Starting with the line that contains "Marcato 150 Pasta Machine, Copper Steel" and ending with the last line of the listing, print each line exactly. Pictures stay out.

GIVEN DATA
════════════════════

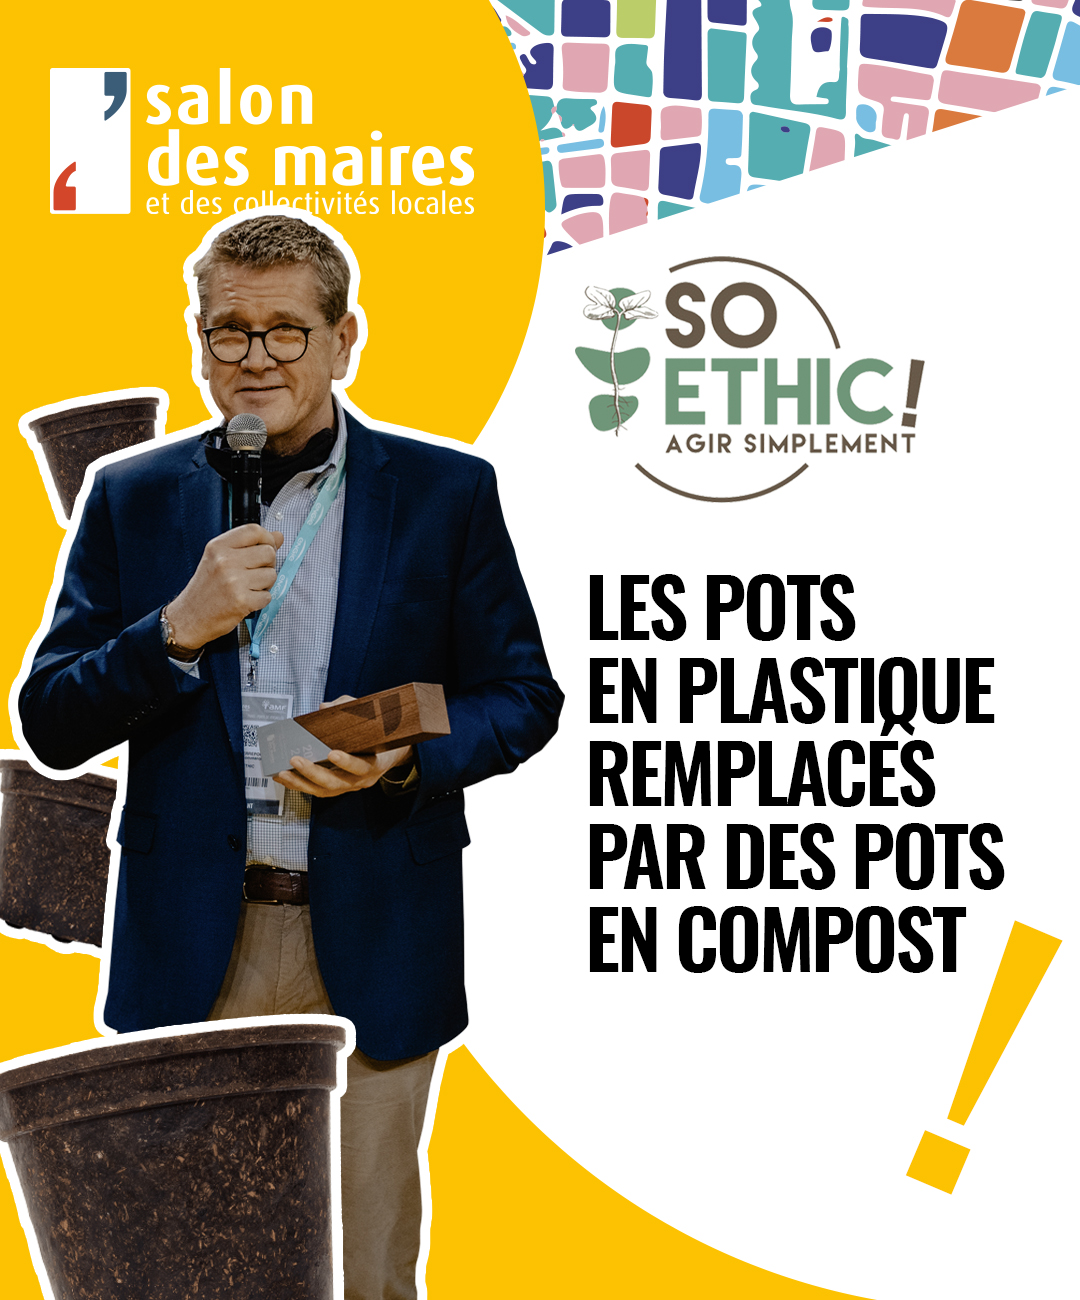 https://www.lagazettedescommunes.com/salon-des-maires-et-des-collectivites-locales/so-ethic-remplace-les-pots-en-plastique-par-des-pots-en-compost/
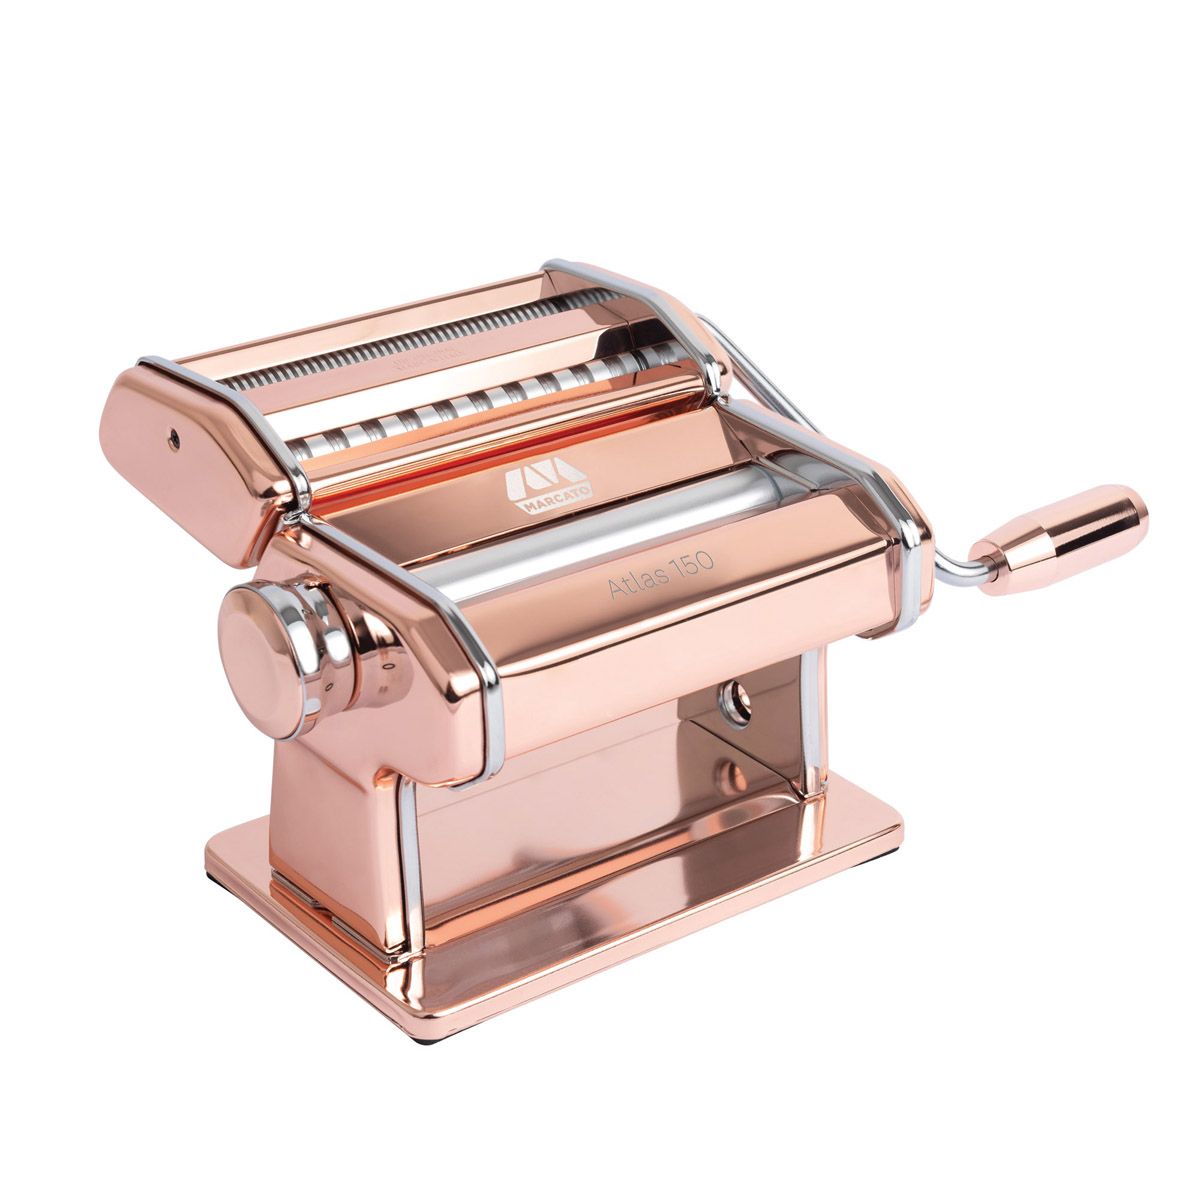 Marcato 150 Pasta Machine, Copper Steel
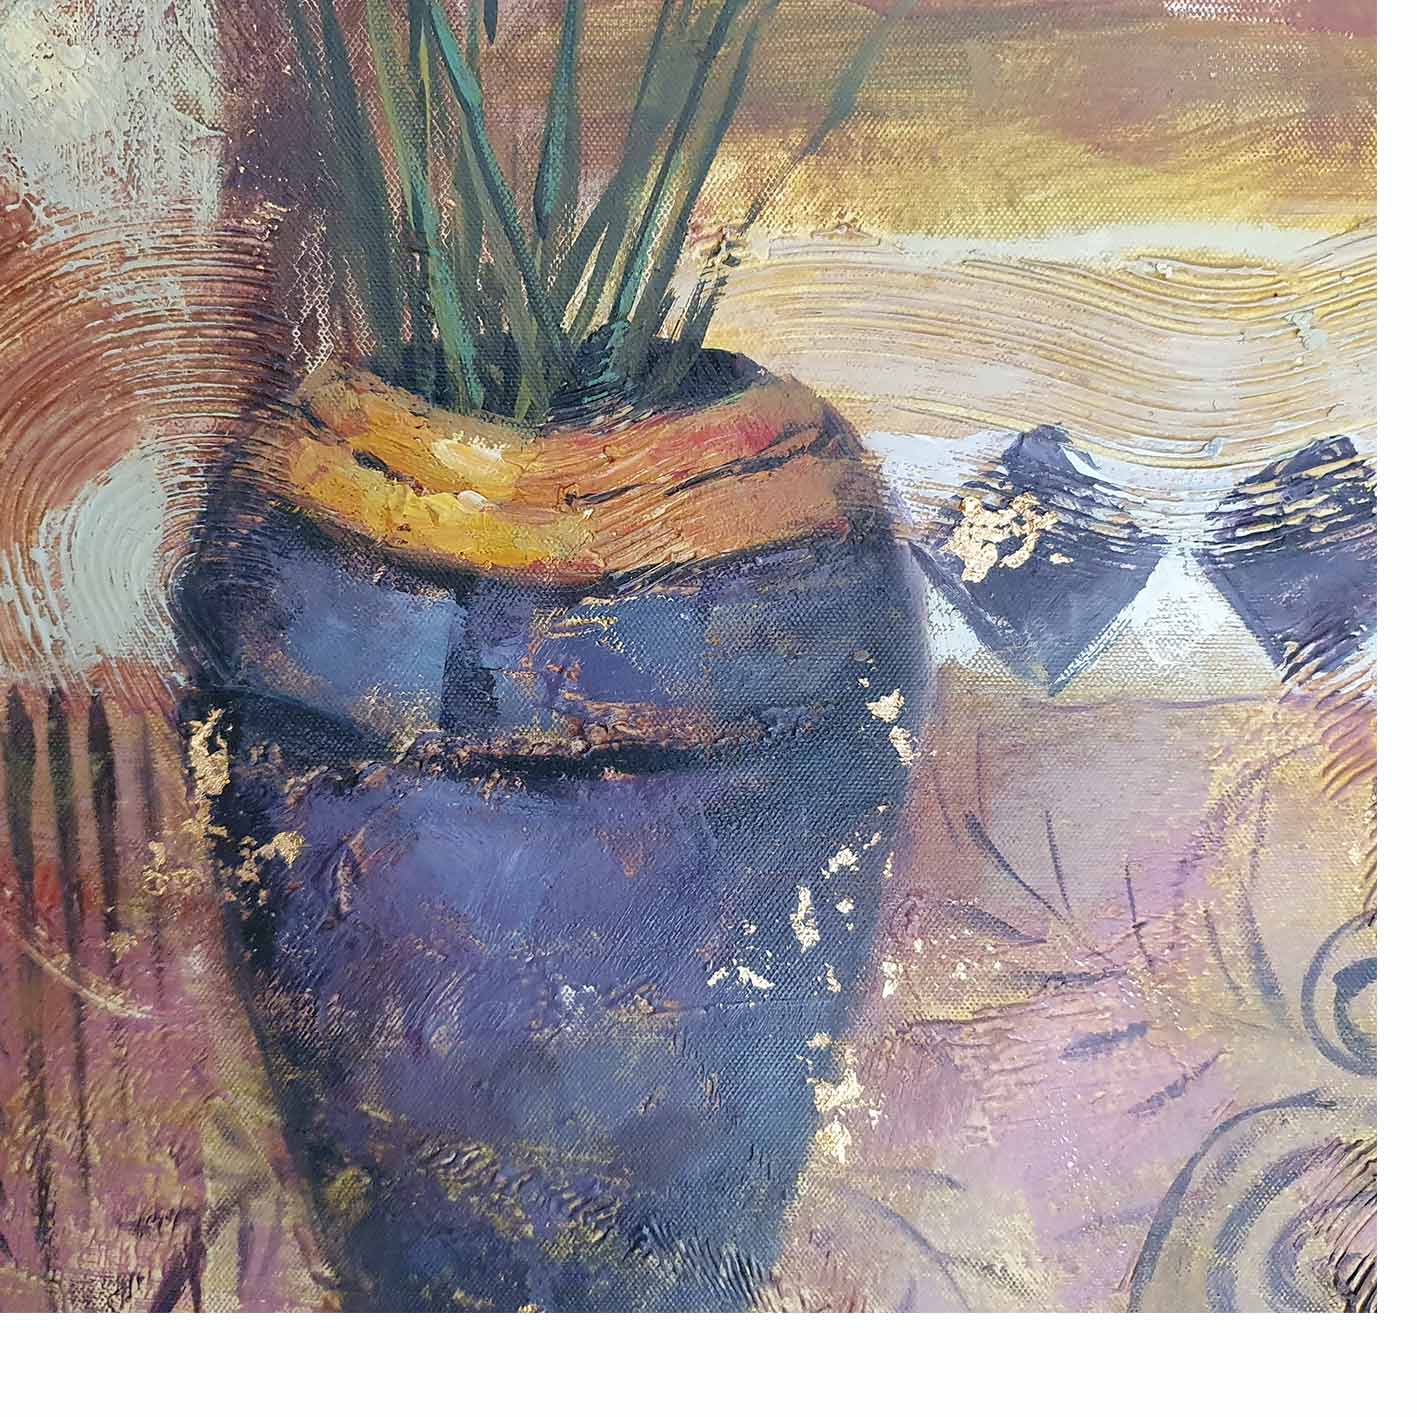 Blumendekor-Diptychon-Gemälde 50x60 cm [2 Stück]

════════════════════

SOLUTION TO THIS PROBLEM
 Marcato 150 Pasta Machine, Copper Steel
 Blumendekor-Diptychon-Gemälde 50x60 cm [2 Stück]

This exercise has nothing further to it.